On 2004-07-21 11:10:33 +0100 Florian Weimer <[EMAIL PROTECTED]> wrote:
* Andrew Suffield:
I call bullshit. Who said it was designed to be applied to computer
programs?
The license itself mentions "program" several times, the FSF writes on
Actually, it usually mentions "Program" many times, which is defined
in clause 0 to include other things:
0. This License applies to any program or other work which contains a
notice placed by the copyright holder saying it may be distributed
under the terms of this General Public License. The "Program", below,
refers to any such program or work, [...]
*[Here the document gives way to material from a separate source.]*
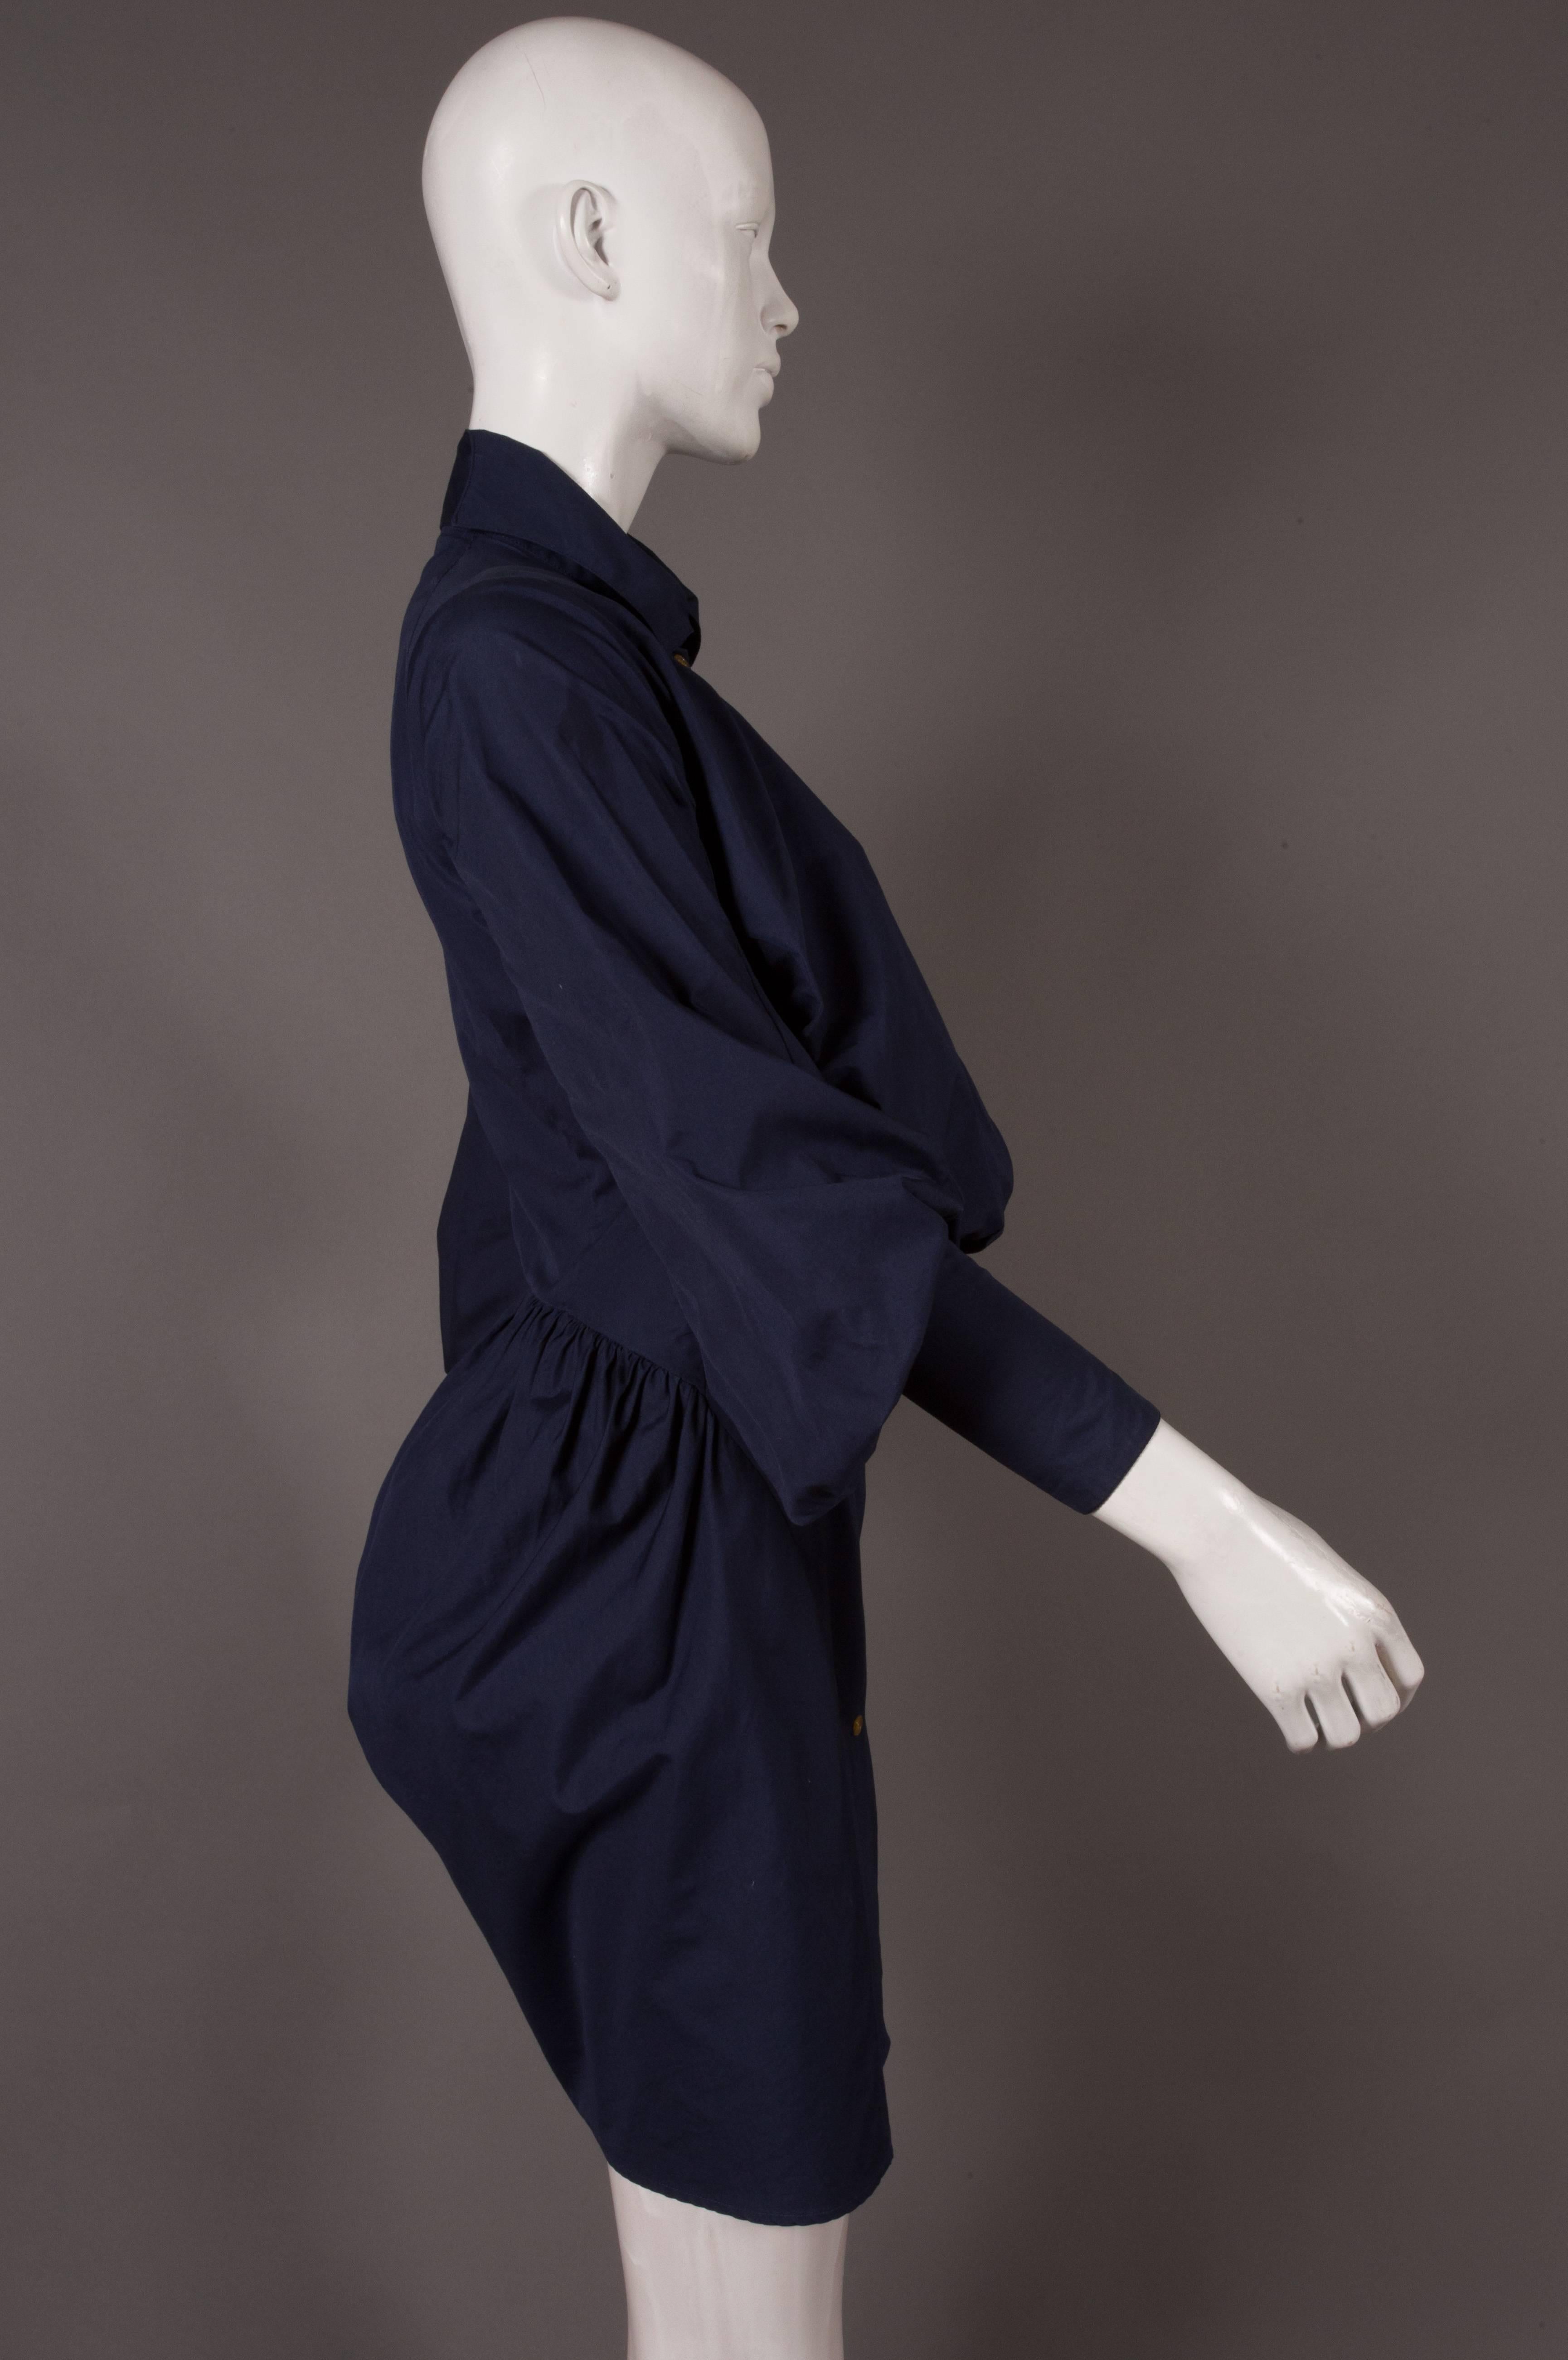 Black Vivienne Westwood bustle shirt dress, C. 1990s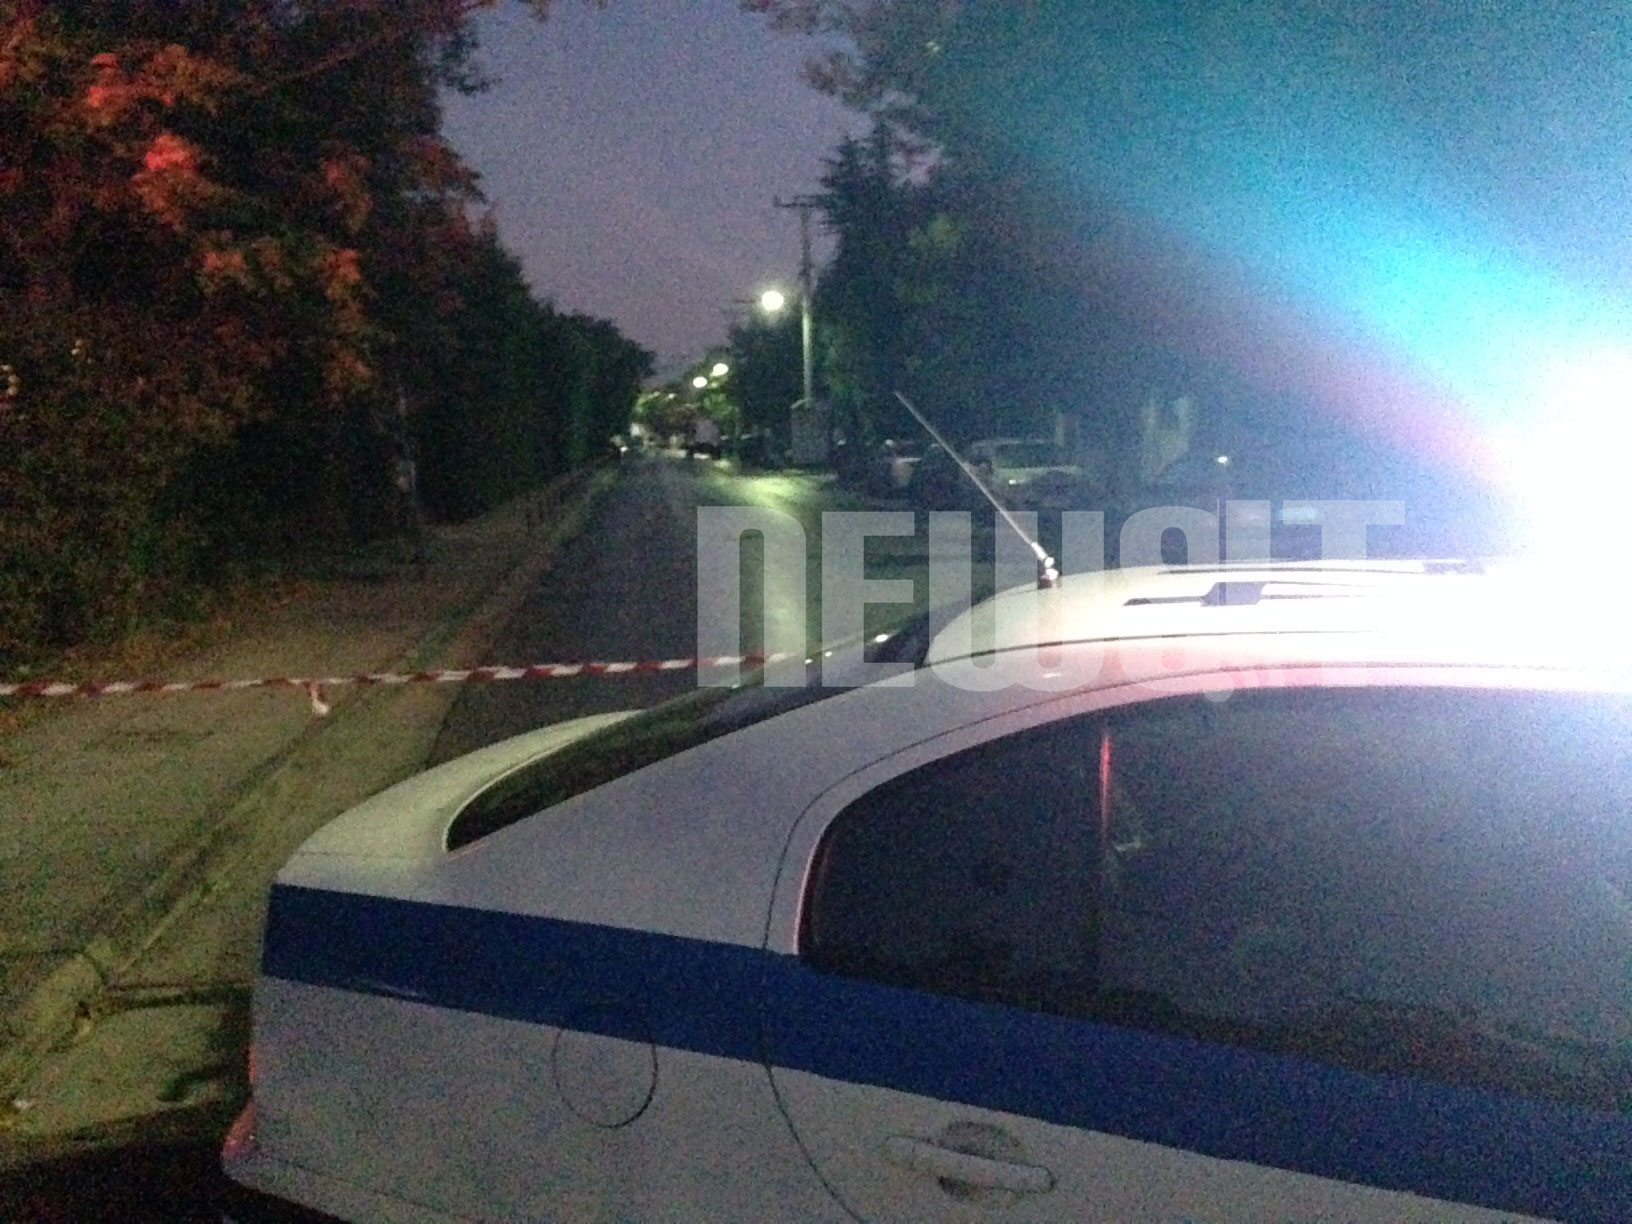 Αστυνομία και ΤΕΕΜ έσπευσαν στο σημείο αλλά δεν πρόλαβαν - ΦΩΤΟΓΡΑΦΙΑ NEWSIT

- from Free Software Foundation's "GNU General Public License" Version
2, June 1991, seen at http://www.gnu.org/licenses/gpl.html
its web pages that the GPL was "originally designed for software" (the
FSF software, like almost anybody outside Debian, uses "software" in a
narrow sense that doesn't include documentation), and I'm sure you can
find statements from RMS or Eben Moglen that say similar things.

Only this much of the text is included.